§ Your instructions
Every entry gets copied exactly. No images go into the copy.
[[ Task material, beginning ]]
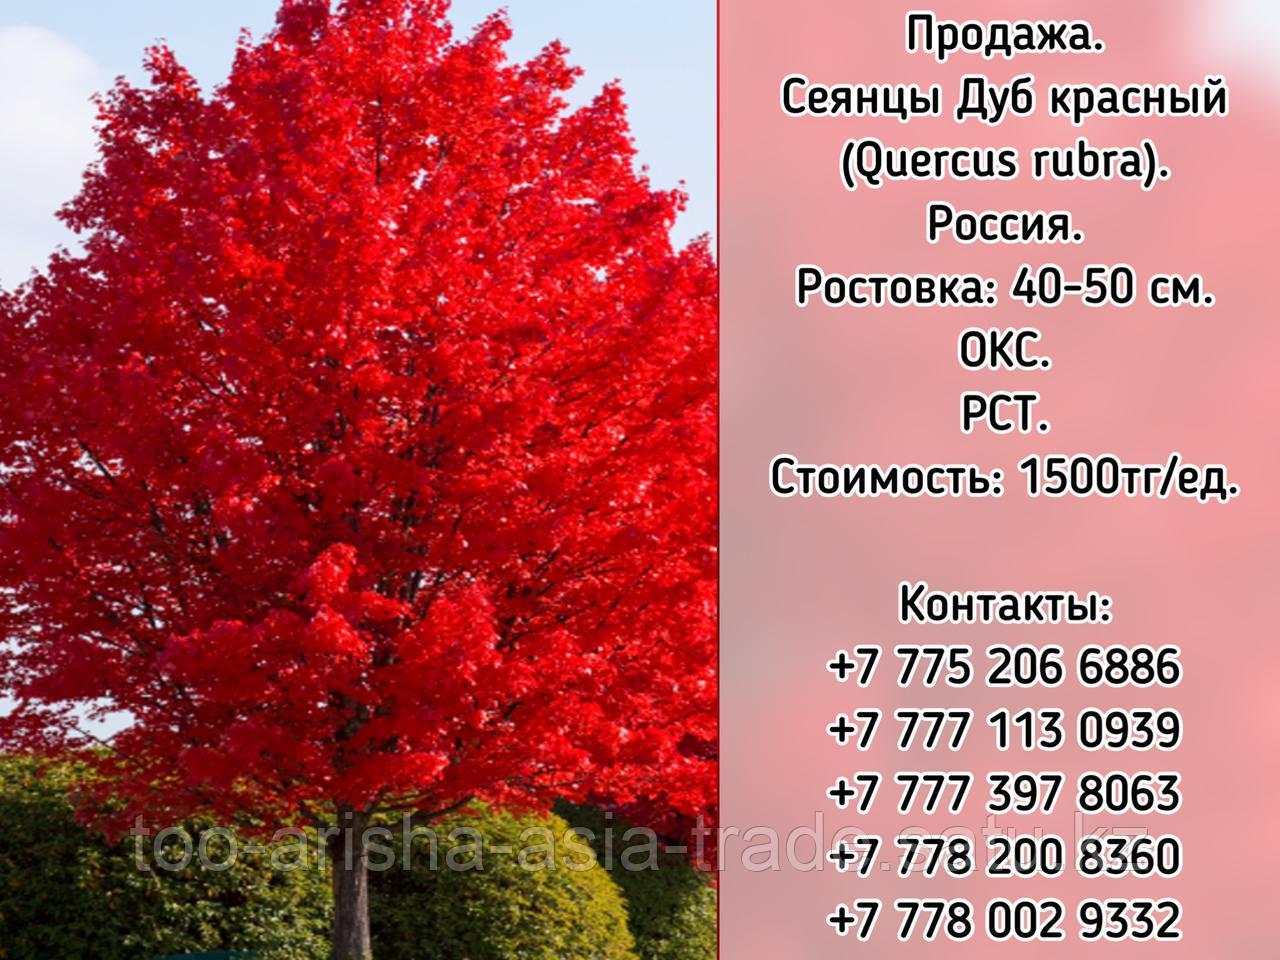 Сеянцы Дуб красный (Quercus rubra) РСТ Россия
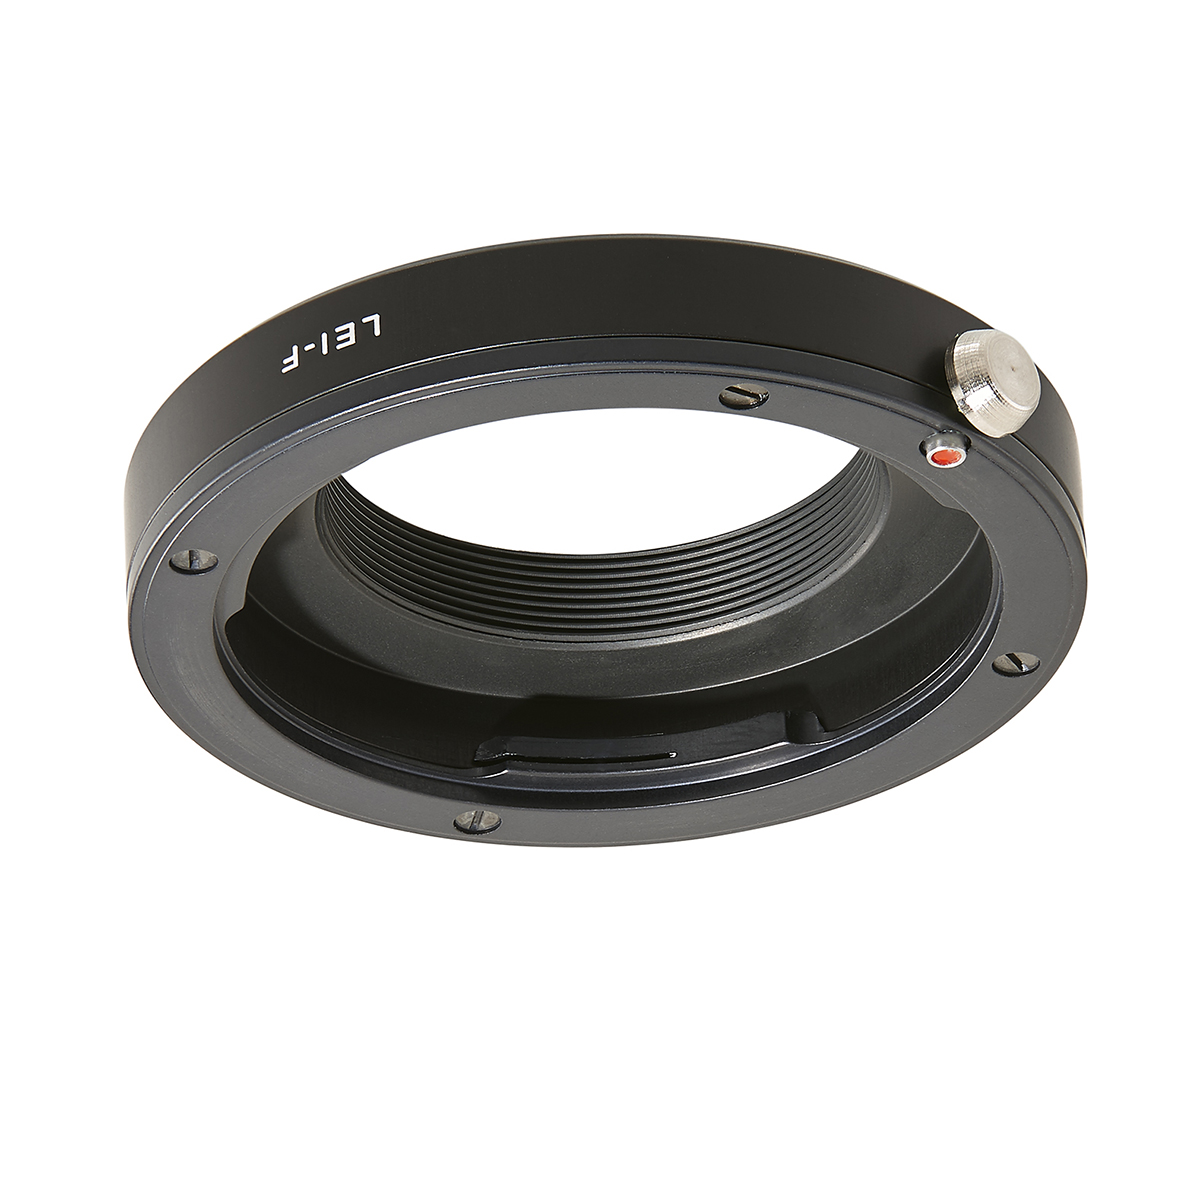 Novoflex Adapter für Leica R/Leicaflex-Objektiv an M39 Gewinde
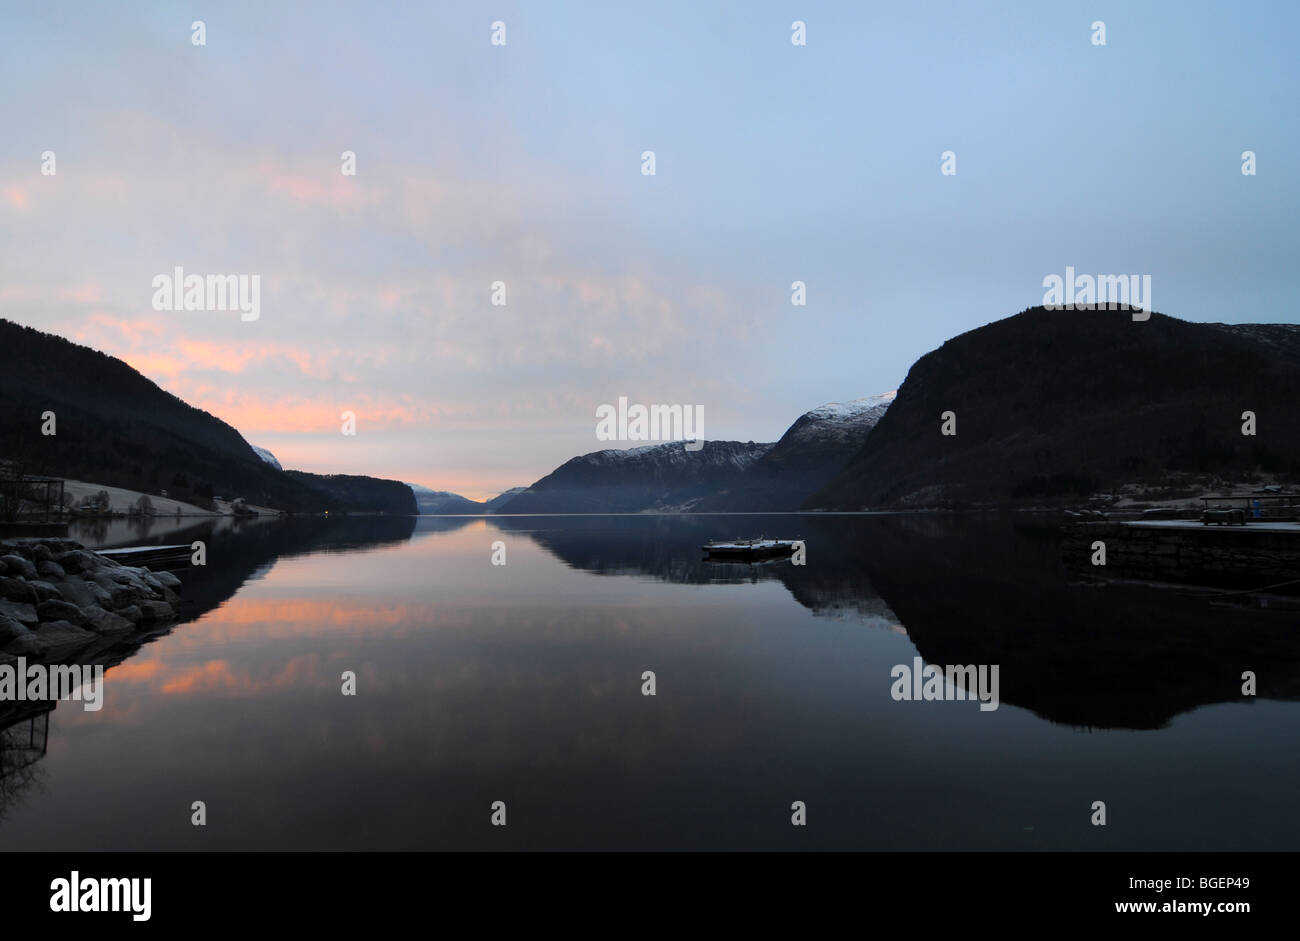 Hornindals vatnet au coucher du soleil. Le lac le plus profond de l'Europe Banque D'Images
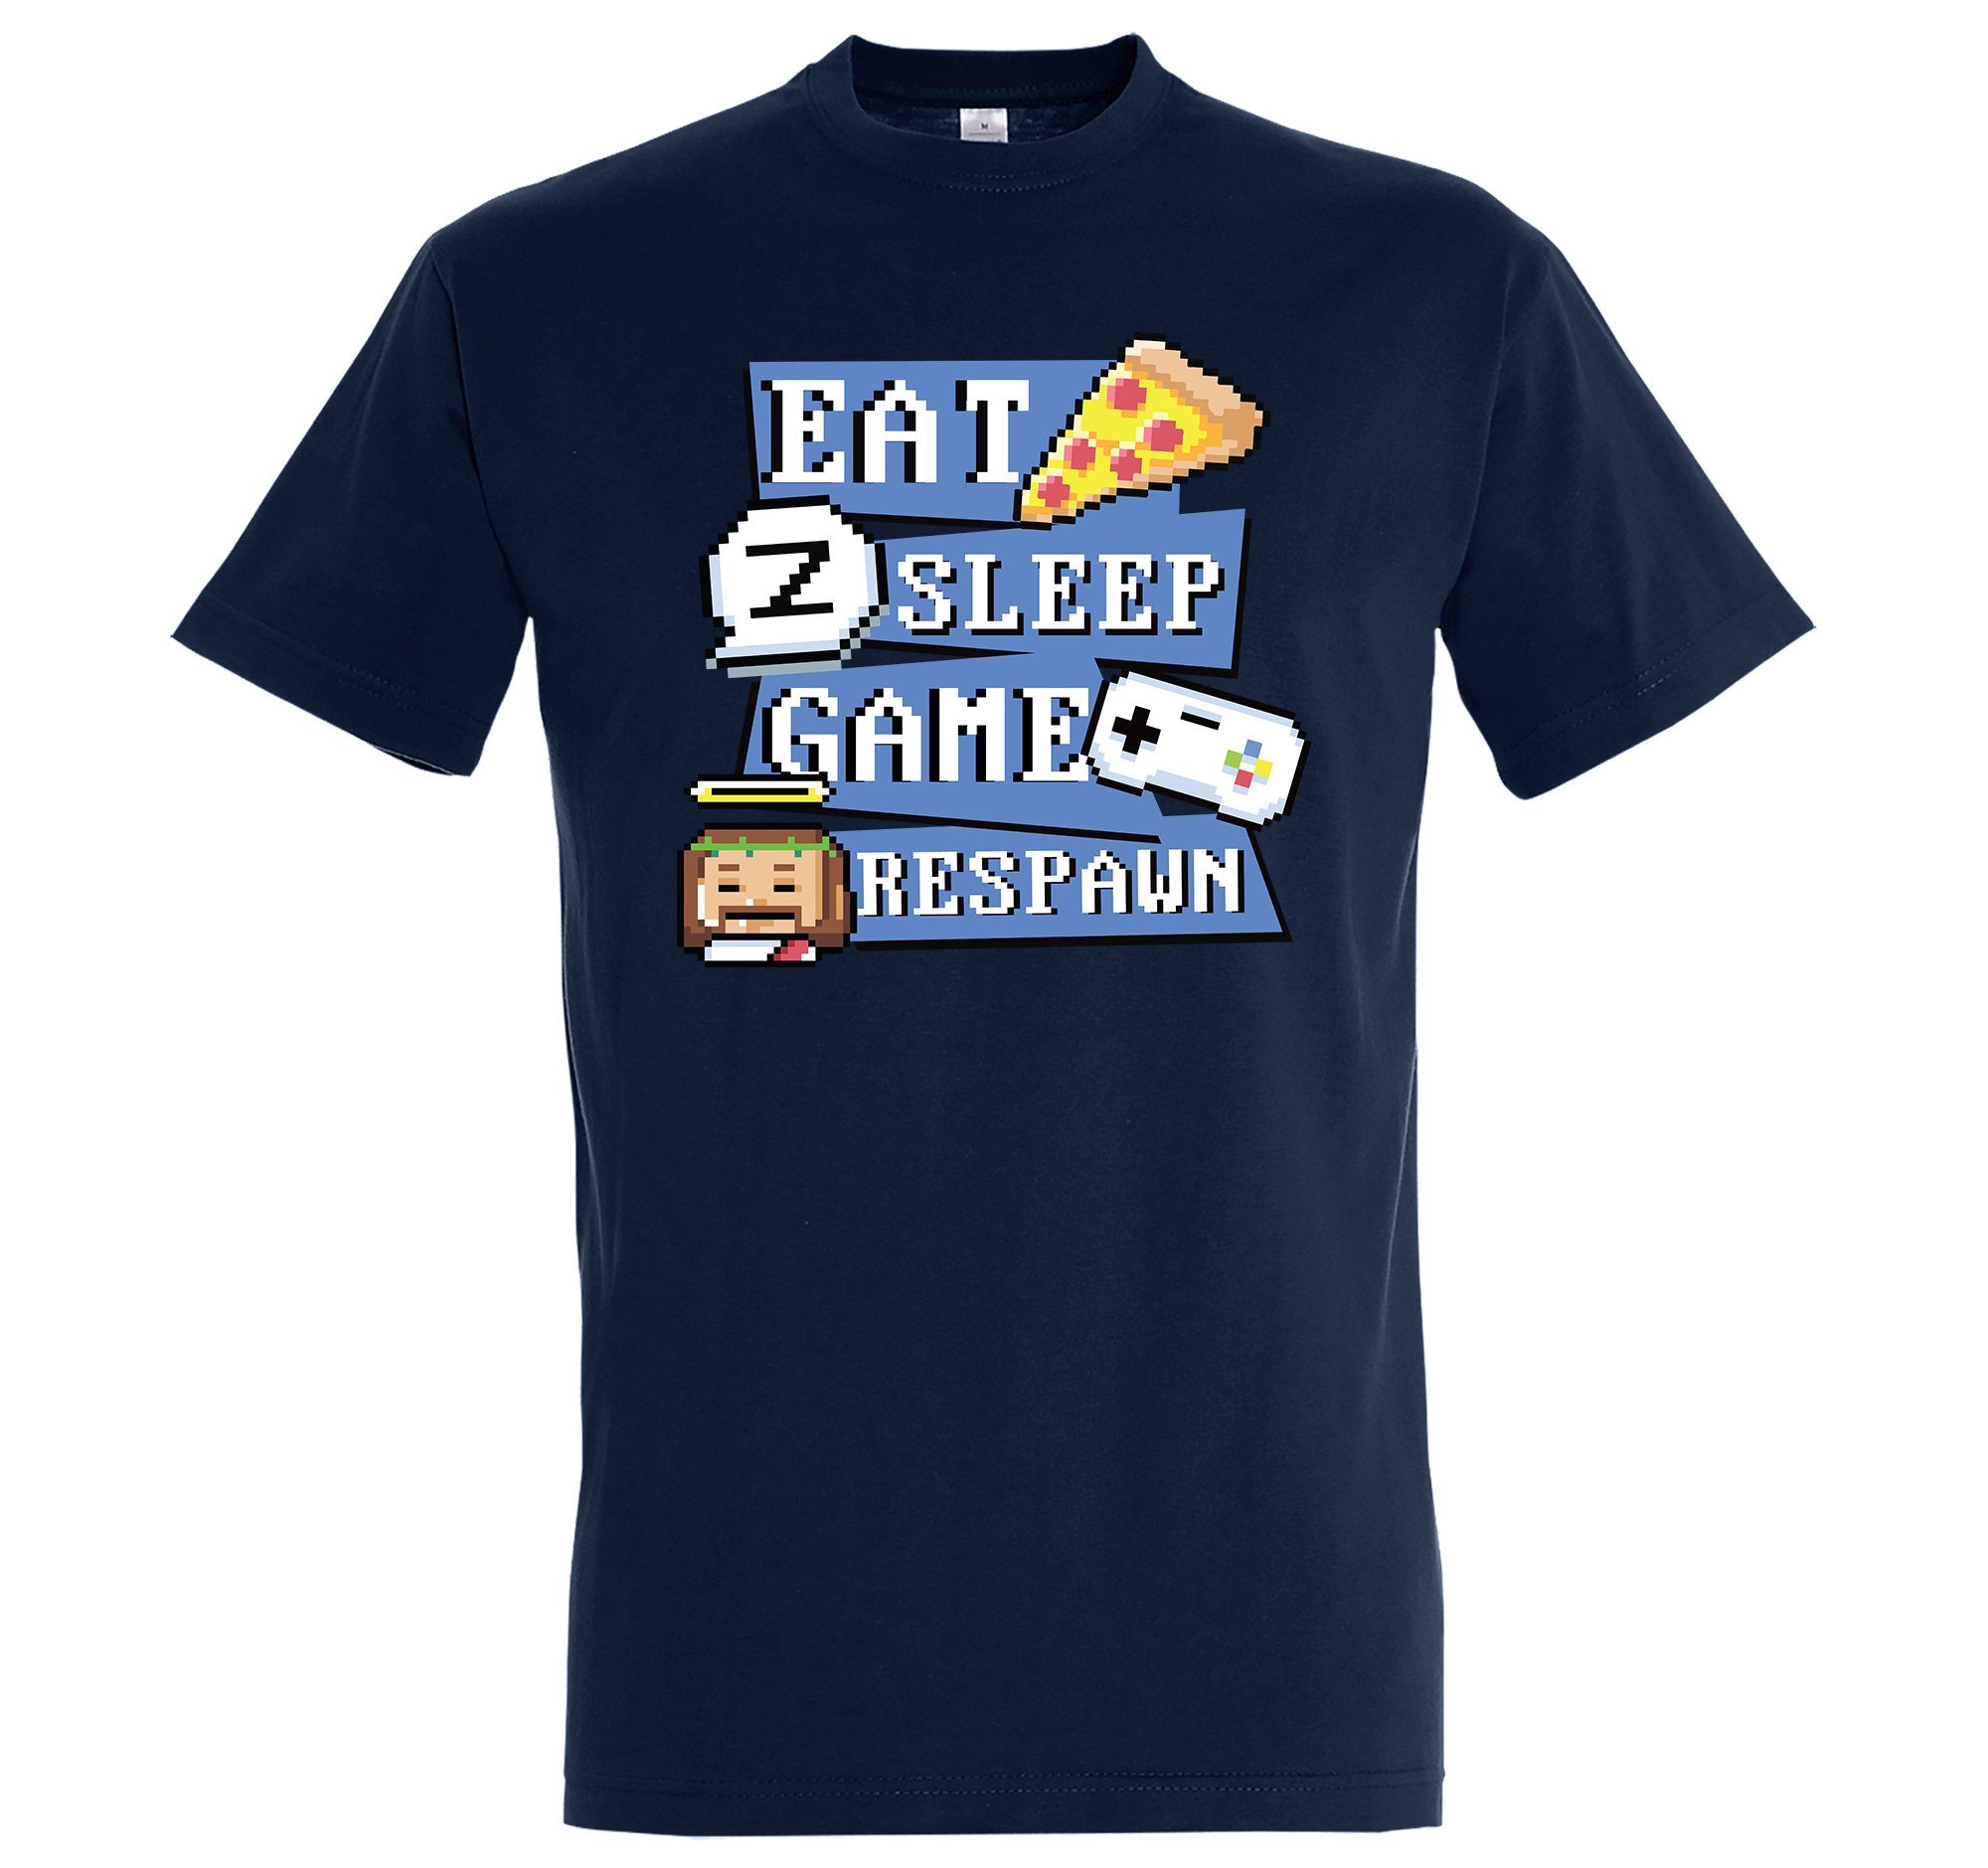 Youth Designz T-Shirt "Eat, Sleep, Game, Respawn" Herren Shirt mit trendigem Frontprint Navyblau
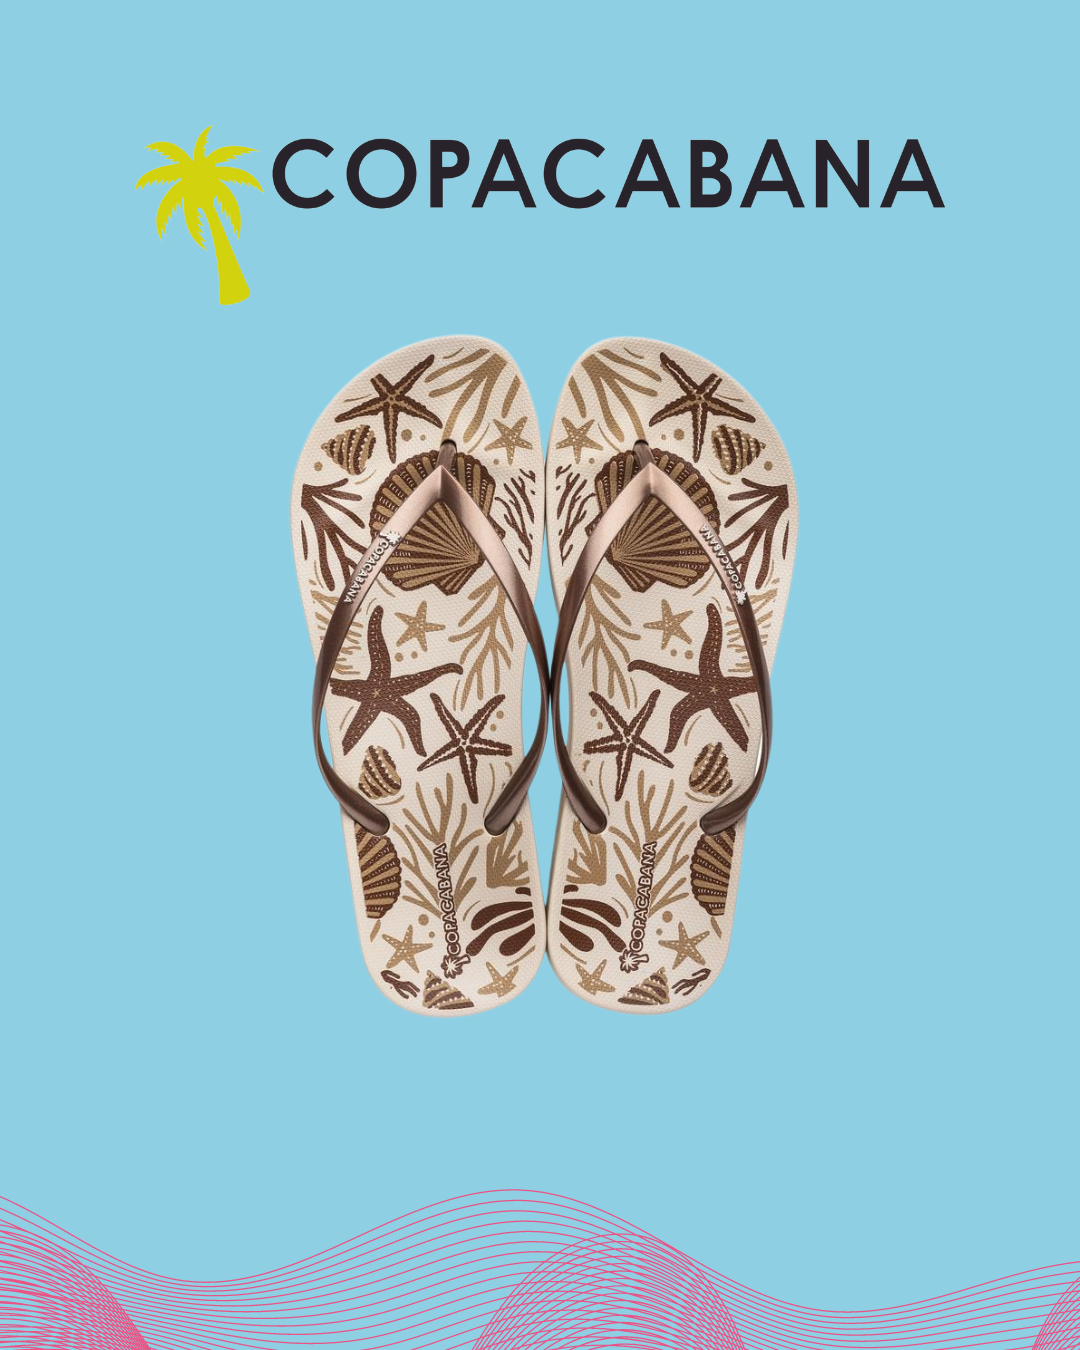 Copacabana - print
[[ Task material, end ]]
§ Result
 Сеянцы Дуб красный (Quercus rubra) РСТ Россия
 Novoflex Adapter für Leica R/Leicaflex-Objektiv an M39 Gewinde
 Hornindals vatnet au coucher du soleil. Le lac le plus profond de l'Europe Banque D'Images
 Youth Designz T-Shirt "Eat, Sleep, Game, Respawn" Herren Shirt mit trendigem Frontprint Navyblau
 Copacabana - print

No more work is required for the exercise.